Suppress the Extraction of Linked Data

The option to extract linked data instructs Voyager to extract local copies of the LYR and XML files from MXD and GDB layers where present. Opt out of this to avoid the extra storage cost needed to host these files in your local Voyager instance.

To disable this setting site-wide, navigate to Manage Voyager > Discovery > Discovery Configuration > Settings tab in the Default Settings section, and uncheck the option to Extract Linked Data.

Alternatively, to disable this setting for a specific location, navigate to the Settings tab for an individual location’s settings and uncheck the option to Extract Linked Data.

Opt to Generate Meta Images On-Demand

The option to create thumbnail and/or preview images instructs Voyager to create 150 x 150 pixel and 512 x 512 pixel JPGs from a large portion of the formats in the index. While most users will appreciate the visual context that the thumbnails and / or previews provide, creating each of these images pro-actively (at the time of index creation) can result in a large up-front storage cost. As well, the extra time needed to request, stream and save each cached image, adds to the duration of the indexing process.

Pro-active image caching was implemented in this exercise to estimate meta file sizes. Voyager’s default image strategy (and our recommendation) is to only create thumbnail and preview images when a record appears in the search results (for the first time). There might be a slight lag for the first user to retrieve image, but once it's been created, it will exist for all subsequent requests (unless explicitly cleared). A variety of options are available to Voyager Administrators to suppress or force creation of thumbnails or previews as befits their index storage allocation.

To specify the thumbnail/preview creation strategy setting site-wide, navigate to Manage Voyager > Discovery > Discovery Configuration > Thumbnails tab in the Default Settings section, and select the desired option.

Alternatively, to specify the thumbnail/preview creation strategy for a specific location, navigate to the Thumbnails tab for an individual location’s settings, and select the desired option.

Opt to Generate Meta Images from a Service

Instead of caching thumbnail and preview images locally at the expense of several kilobytes per index record, Voyager Administrators can opt to request these images in-line from remote tile map services (TMS). Normally these TMS will render the actual data described by the index, but since any valid TMS URL will suffice (provided it supports the records’ extent and SRS), it can provide context for the area in question without being related to the record.

To specify a remote TMS for thumbnail/preview creation site-wide, navigate to Manage Voyager > Discovery > Discovery Configuration > Thumbnails tab in the Default Settings section, and select the Draw Thumbnail from Webservice option and provide a suitable URL.
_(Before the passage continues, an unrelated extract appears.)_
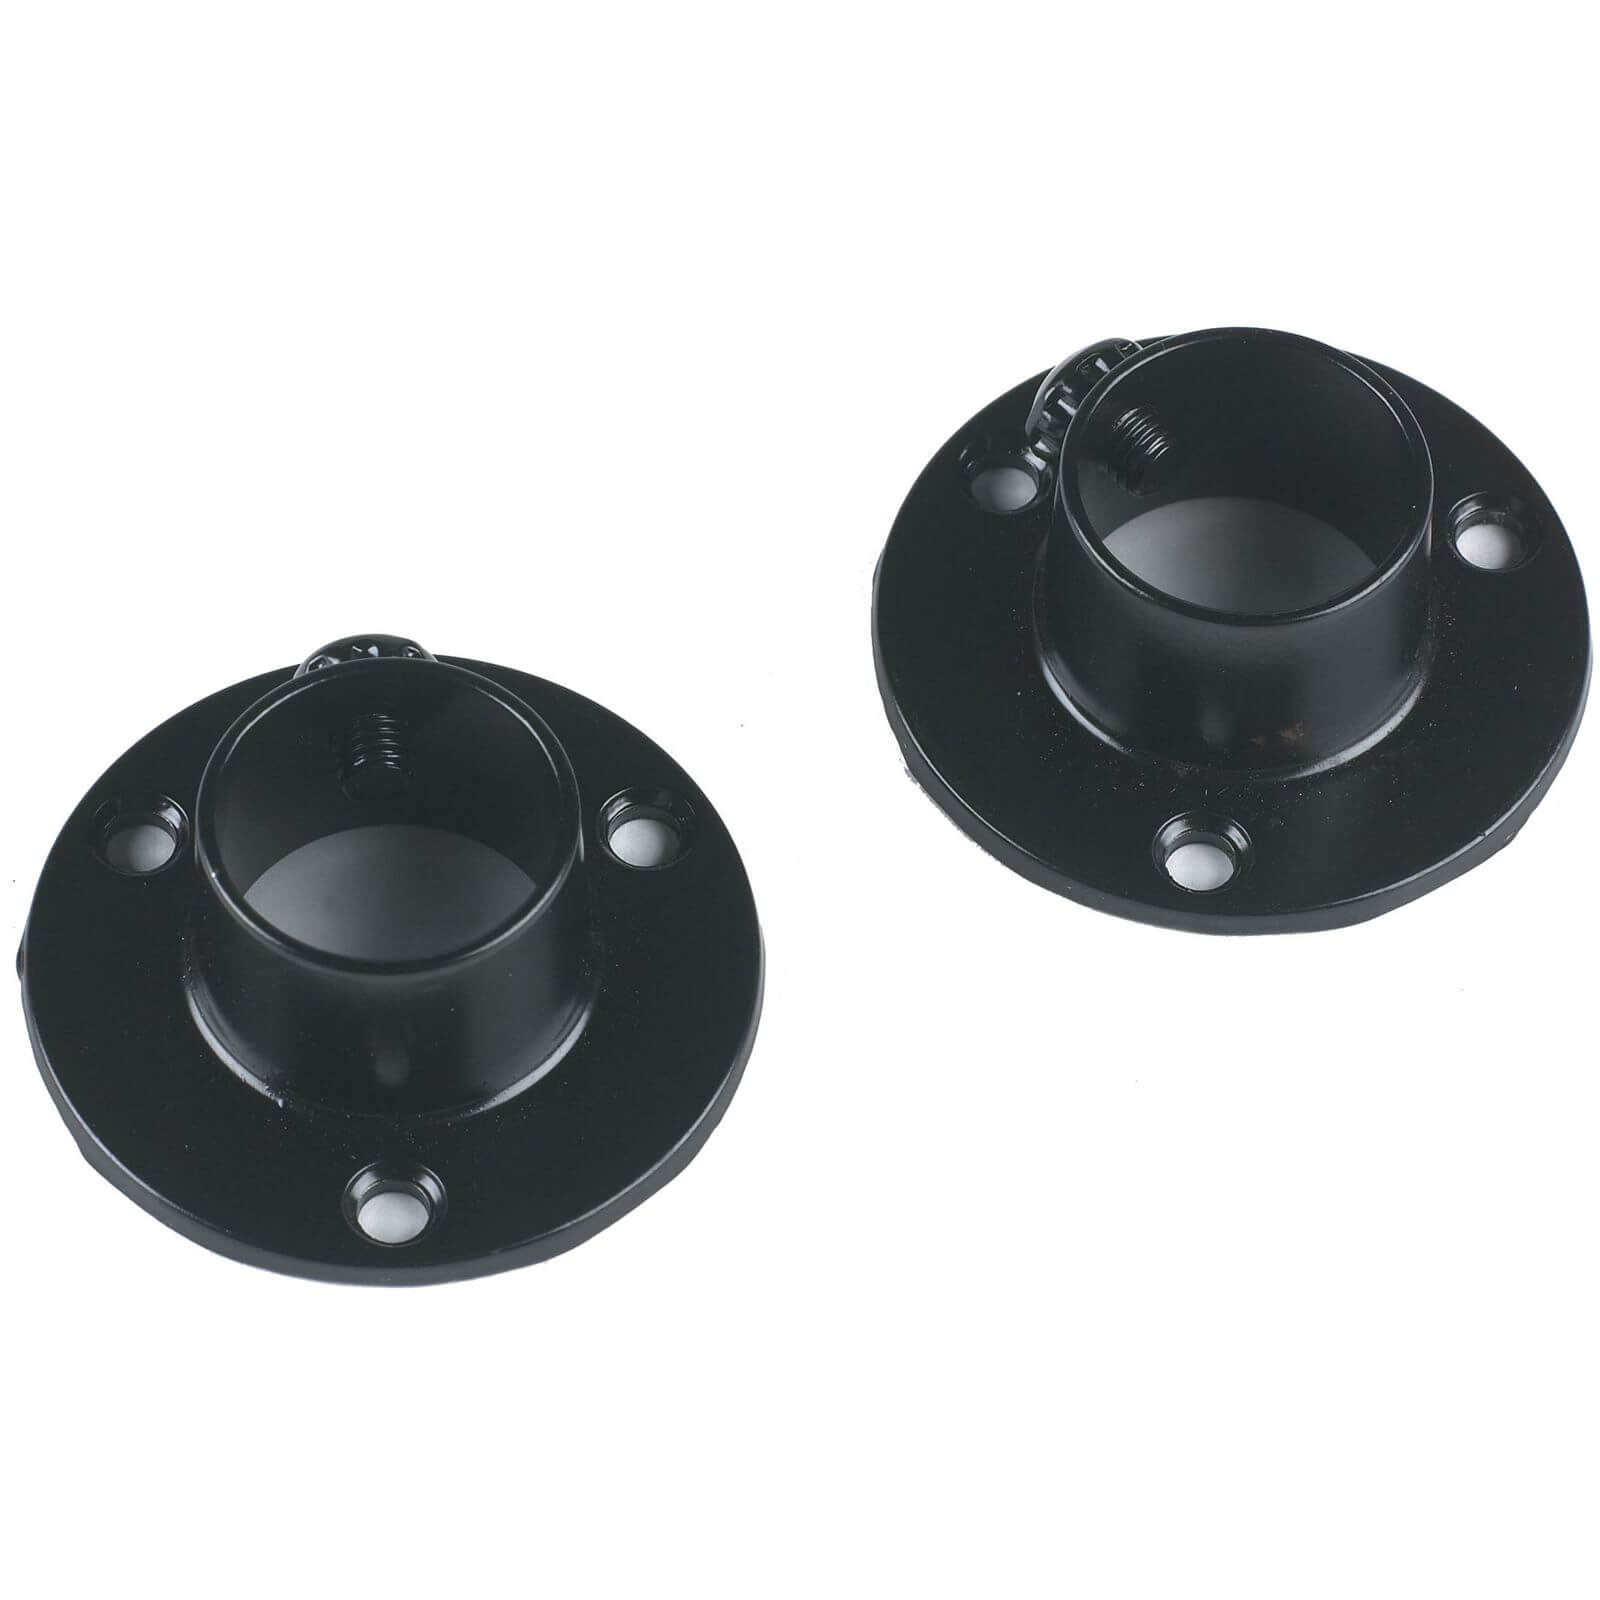 Photo of Super Deluxe Sockets - Black - 19mm

Alternatively, to specify a remote TMS for thumbnail/preview creation for a specific location, navigate to the Thumbnails tab for an individual location’s settings, and select the Draw Thumbnail from Webservice option and provide a suitable URL.

Relocate Meta Files to a Remote Network Site

Meta file retrieval will also benefit from hardware that supports faster output. For optimal performance, you can locate (or relocate) your meta files on a solid state drive (SSD) or high speed (RPM) hard disk drives (HDD).

To relocate your meta files to a new location, independent of your Voyager Search web-server:

  1. Stop the Voyager Search service / system process

  2. Edit the file <VoyagerInstallPath>\server_<version>\app\Voyager.vmoptions

  3. Enter a new path for the Voyager meta directory parameter (-Dmeta.dir) - This can be an absolute path (to a mapped drive), a relative path (shown), or a UNC to a network share.

  4. Alternatively, you can enter a new path for the entire Voyager data directory parameter (index, meta, and logs etc.) (-Ddata.dir).